What you should do: Pictures in the listing do not belong in the copy, which should repeat exactly the lines from the one holding "1931 Buick Foldout-05 to 08" through the last line.

Available data:
---+---

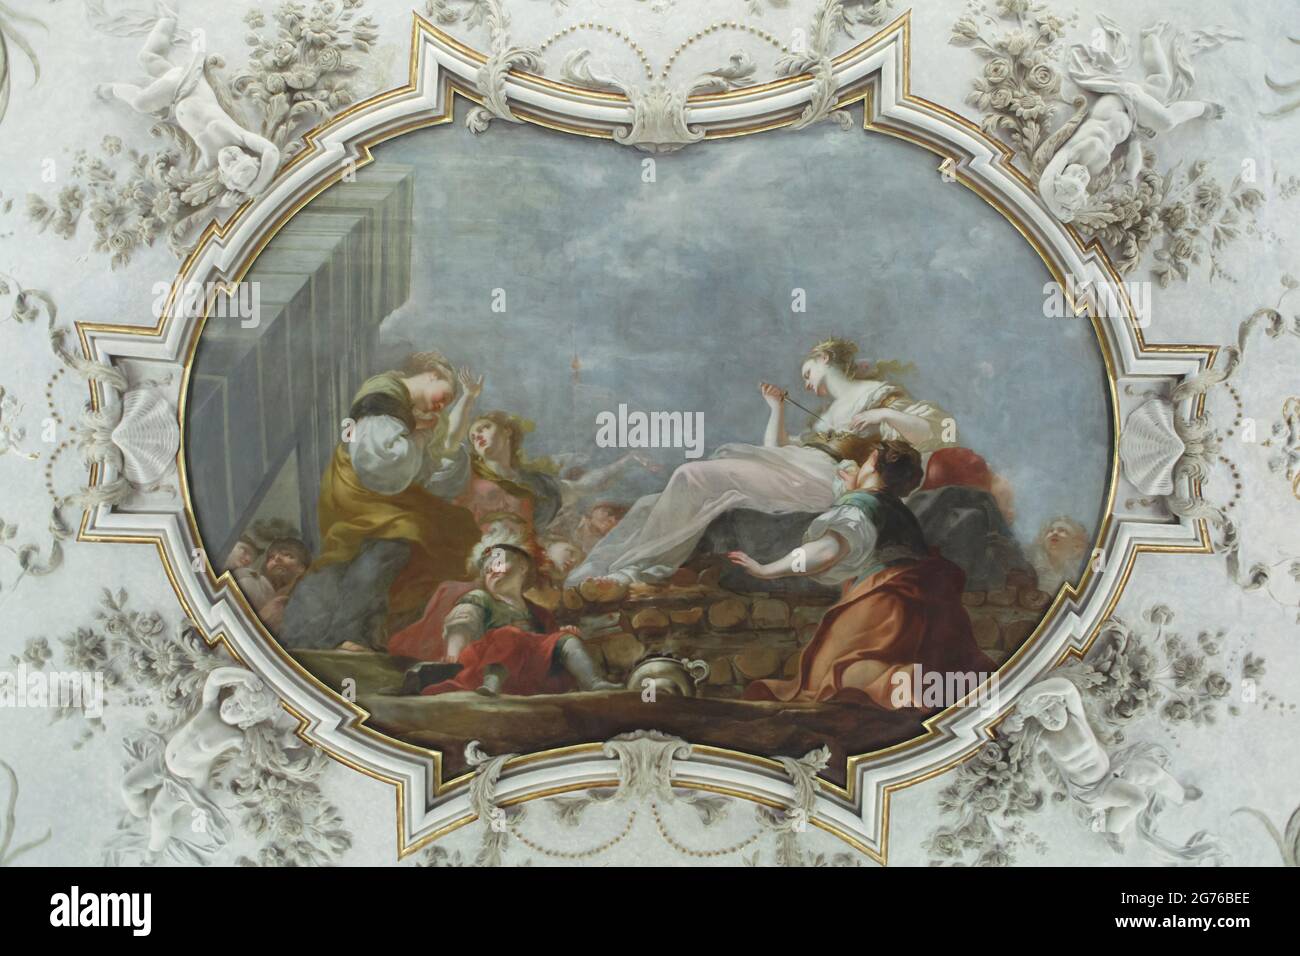 Ceiling painting 'Death of Dido' by Czech and Austrian Baroque painter Michael Václav Halbax (1661- 1711) in Sternberg Palace (Šternberský palác) in Prague, Czech Republic. Suicide of the mythical foundress of Carthage who burnt herself to death after King Iarbas of Numidia tried to force her to marry him is depicted. Sternberg Palace serves now as the permanent exhibition of old masters of the National Gallery (Národní galerie). Stock Photo
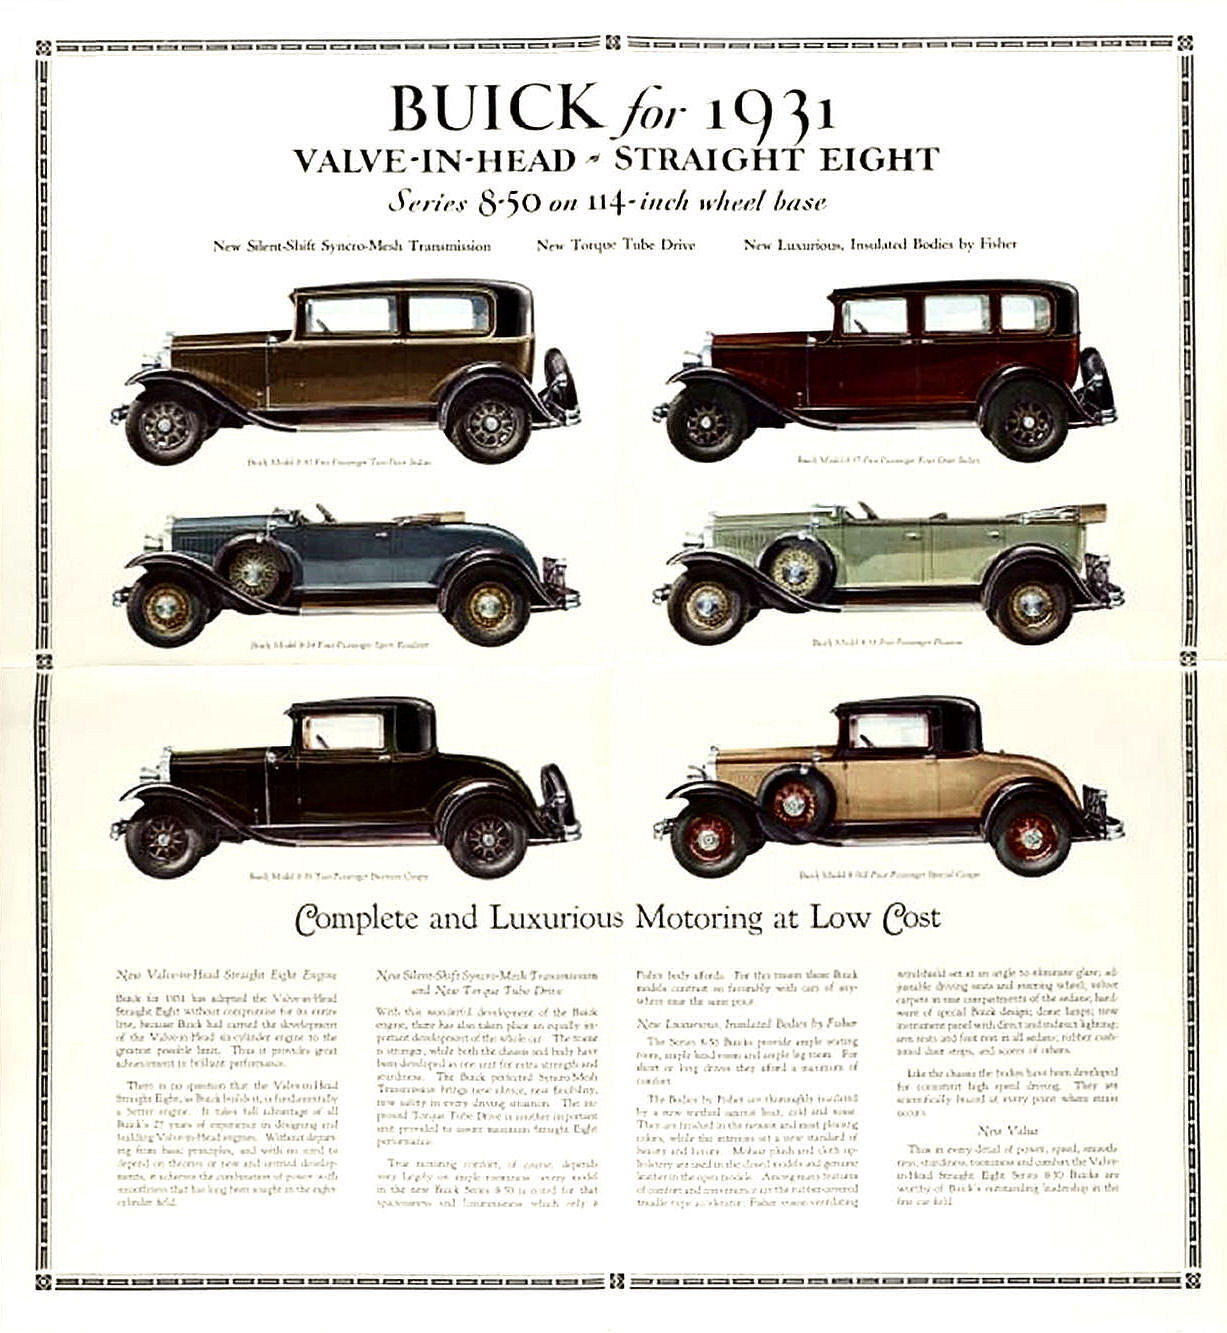 1931 Buick Foldout-05 to 08
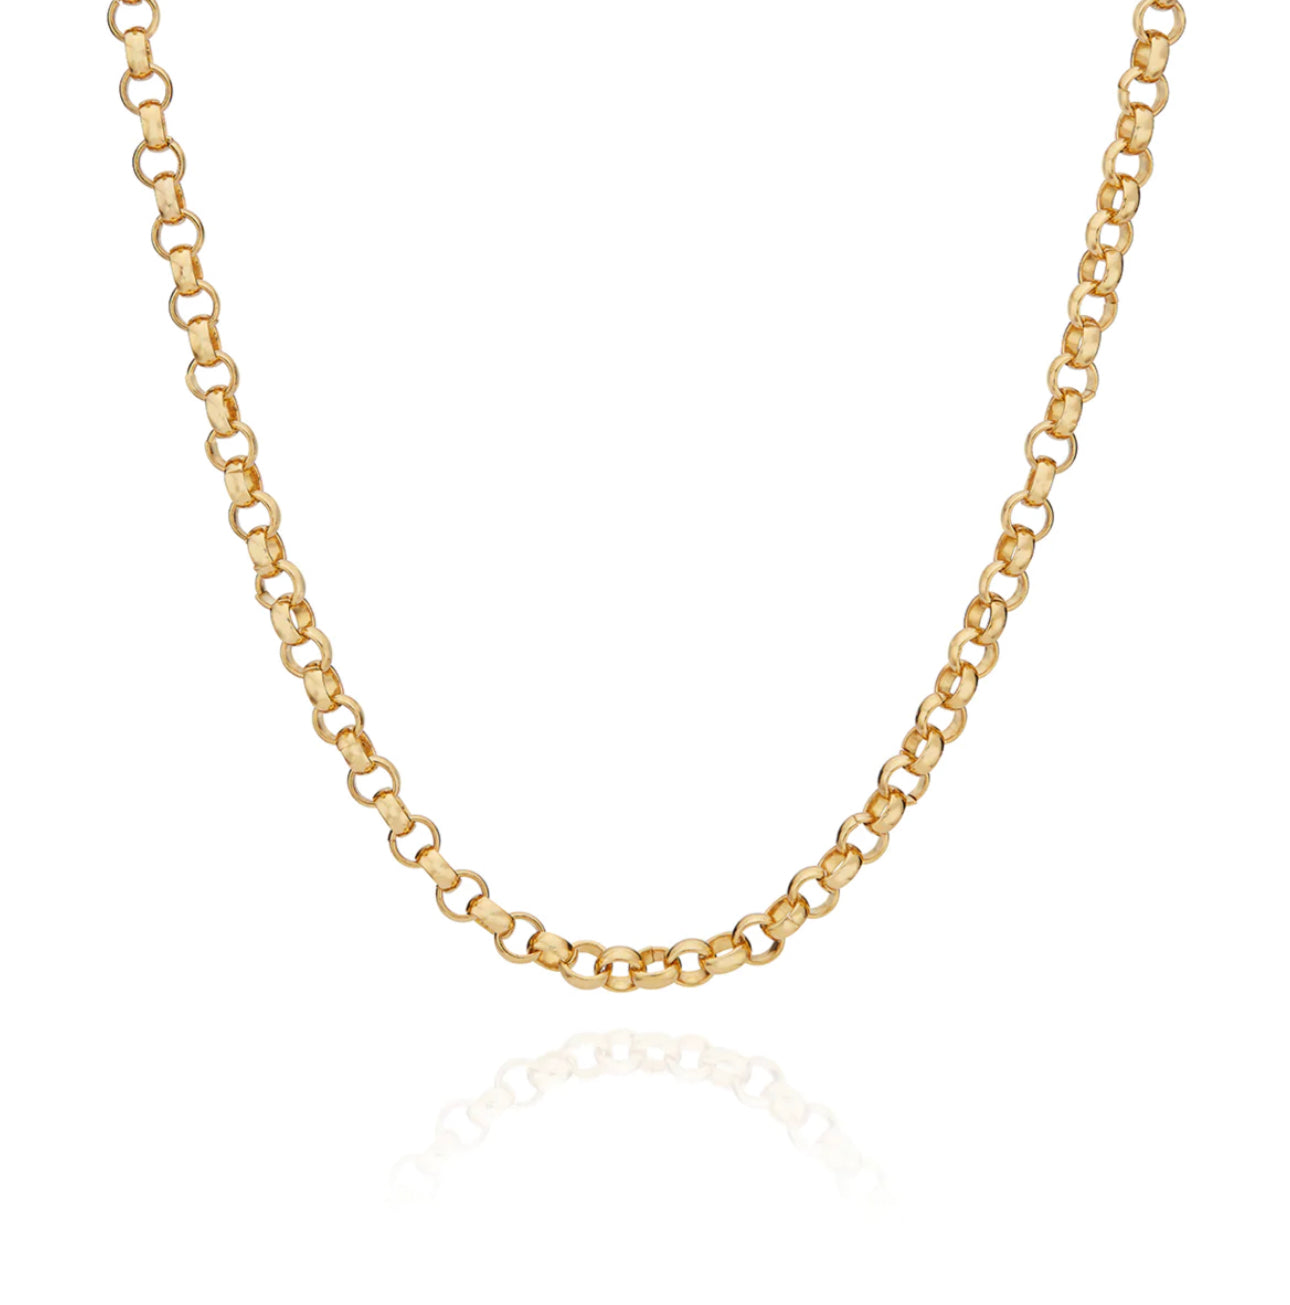 Rolo Chain Necklace - 18"

---+---

Written response:
 1931 Buick Foldout-05 to 08
 Rolo Chain Necklace - 18"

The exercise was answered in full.